Mandarin and Taiwan-Hokkien language institute in Taipei, Taiwan

The Taipei Language Institute (TLI; 中華語文研習所 (Zhōnghuá Yǔwén Yánxí Suǒ)) was founded in 1956 by a group of missionaries who wished to provide training in Mandarin Chinese for Taiwan-bound missionaries. Originally named Missionary Language Institute, the founder Dr.
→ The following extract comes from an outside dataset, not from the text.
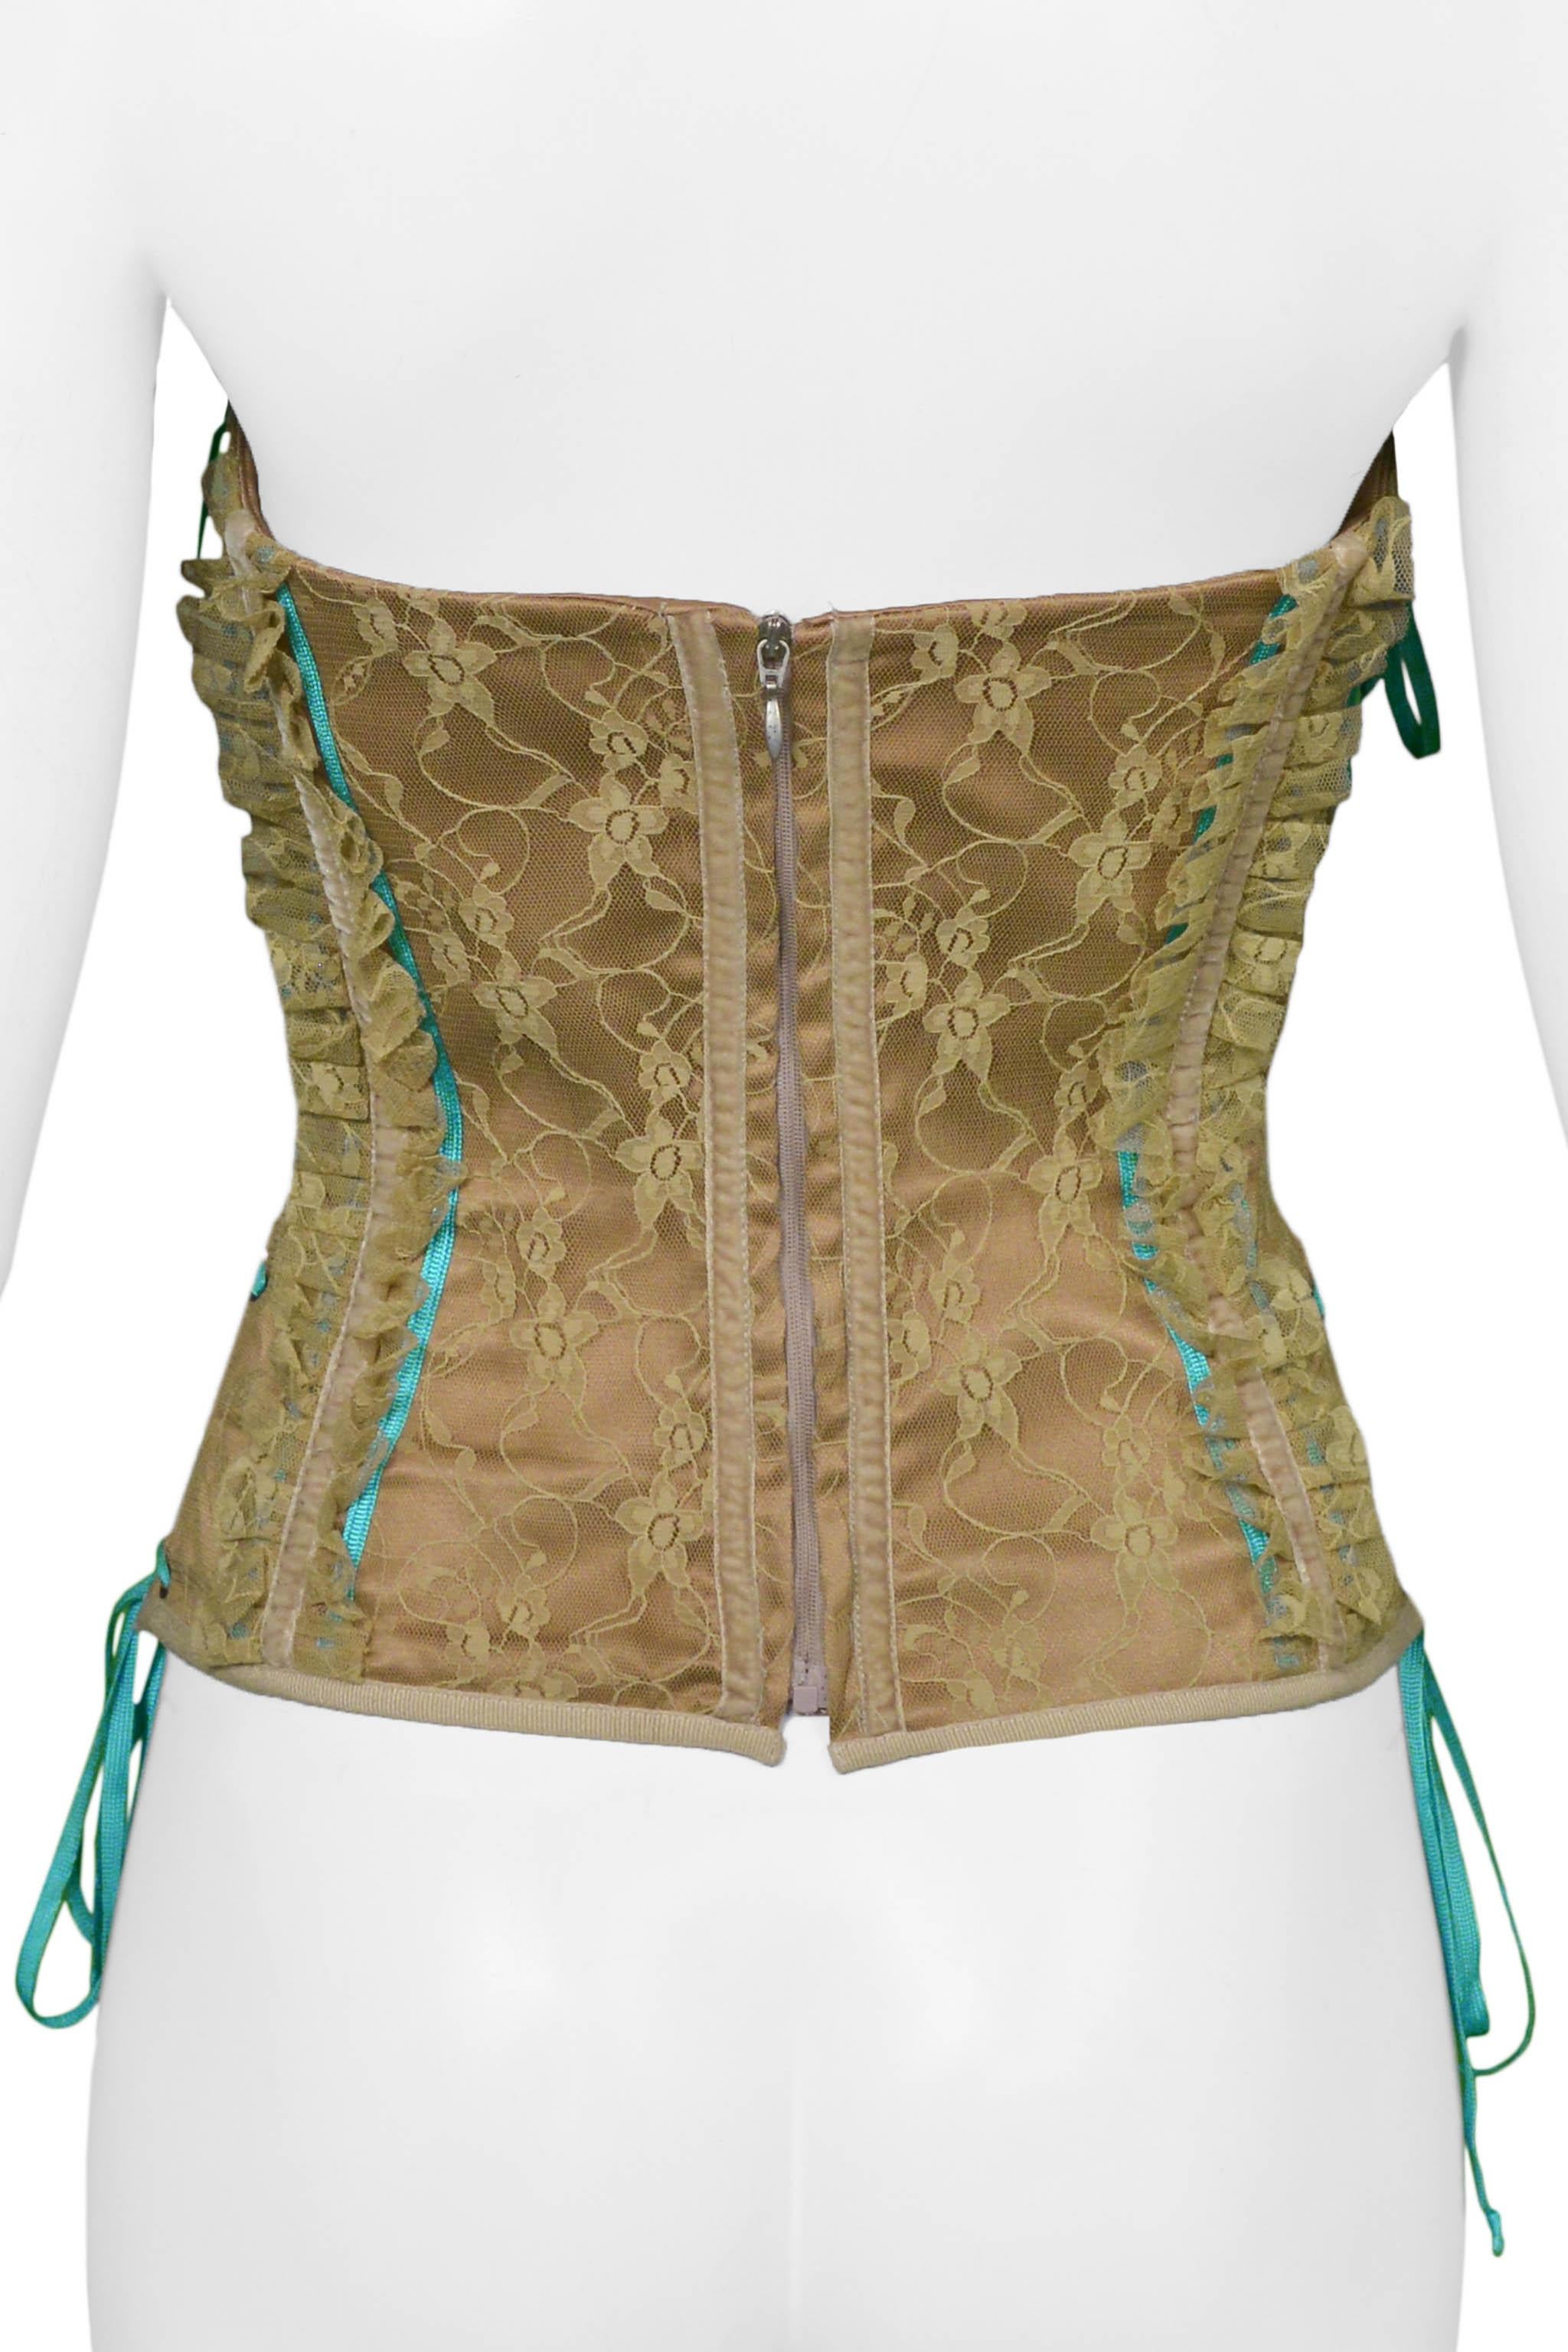 Dolce & Gabbana Lace Corset Top With Blue Laces 2002 For Sale 1

Marvin Ho created the institute as a means of educating these foreigners in Mandarin and Taiwanese.

==History==
As the demand for language instruction of foreigners increased, the institute soon found that it could no longer limit itself to training missionaries. In 1958, the school expanded its enterprise and took the name of Taipei Language Institute. It opened its doors to any foreigners aspiring to study Chinese and Chinese heritage in Taiwan.

From the humble beginnings of the first TLI Institute which started with 30 students in Taipei, TLI has grown exponentially over the years to 16 centers across the globe - in Taiwan, China, Japan, the United States, and Canada. TLI has trained tens of thousands of students worldwide, and has instructed clients from a wide range of professions: diplomatic personnel, international businesspeople, engineers, journalists, missionaries, professors, authors, college students, and overseas Chinese. TLI has prepared hundreds of variations of textbooks and materials covering dozens of different subject matter ranging in difficult level. Courses at TLI are mostly small-group classes of 2-6 students or private tutorials and rigorous audiolingual methods are employed. TLI has compiled many of its own materials, but beginning with the high-intermediate level, students are given the freedom to design their own curriculum based on current or anticipated job needs. It is also possible to study mainland Chinese material which uses simplified characters. The Taipei Language Institute also works in close partnership with the American Institute in Taiwan at their Chinese language school in Yangmingshan to provide full-time, advanced training in speaking and reading Mandarin Chinese for diplomatic personnel and employees who need to attain professional proficiency.

==Timeline==
1959: TLI signed a contract with the U.S. Department of State to train American diplomats in Taiwan, including the personnel of the American Embassy, Military Assistance Advisory Group and Mutual Defense Headquarters. This relationship lasted 20 years, only ending when diplomatic relations between the Republic of China and the U.S. broke off in 1979.

1967: Dr. Marvin Ho, president of TLI, established the Department of Chinese Studies at the University of Delhi in India and designed its curriculum. A large number of Indian students enrolled and later became Chinese translators and interpreters in all levels of Indian Government.

1971: By invitation of the Hong Kong Christian Association, TLI established a Chinese Language Institute in Kowloon, which consisted of the Mandarin Language Department and Cantonese Language Department, for the training of foreign religious groups, businesspeople, diplomats, and locals.

1996: TLI expanded into mainland China and Japan.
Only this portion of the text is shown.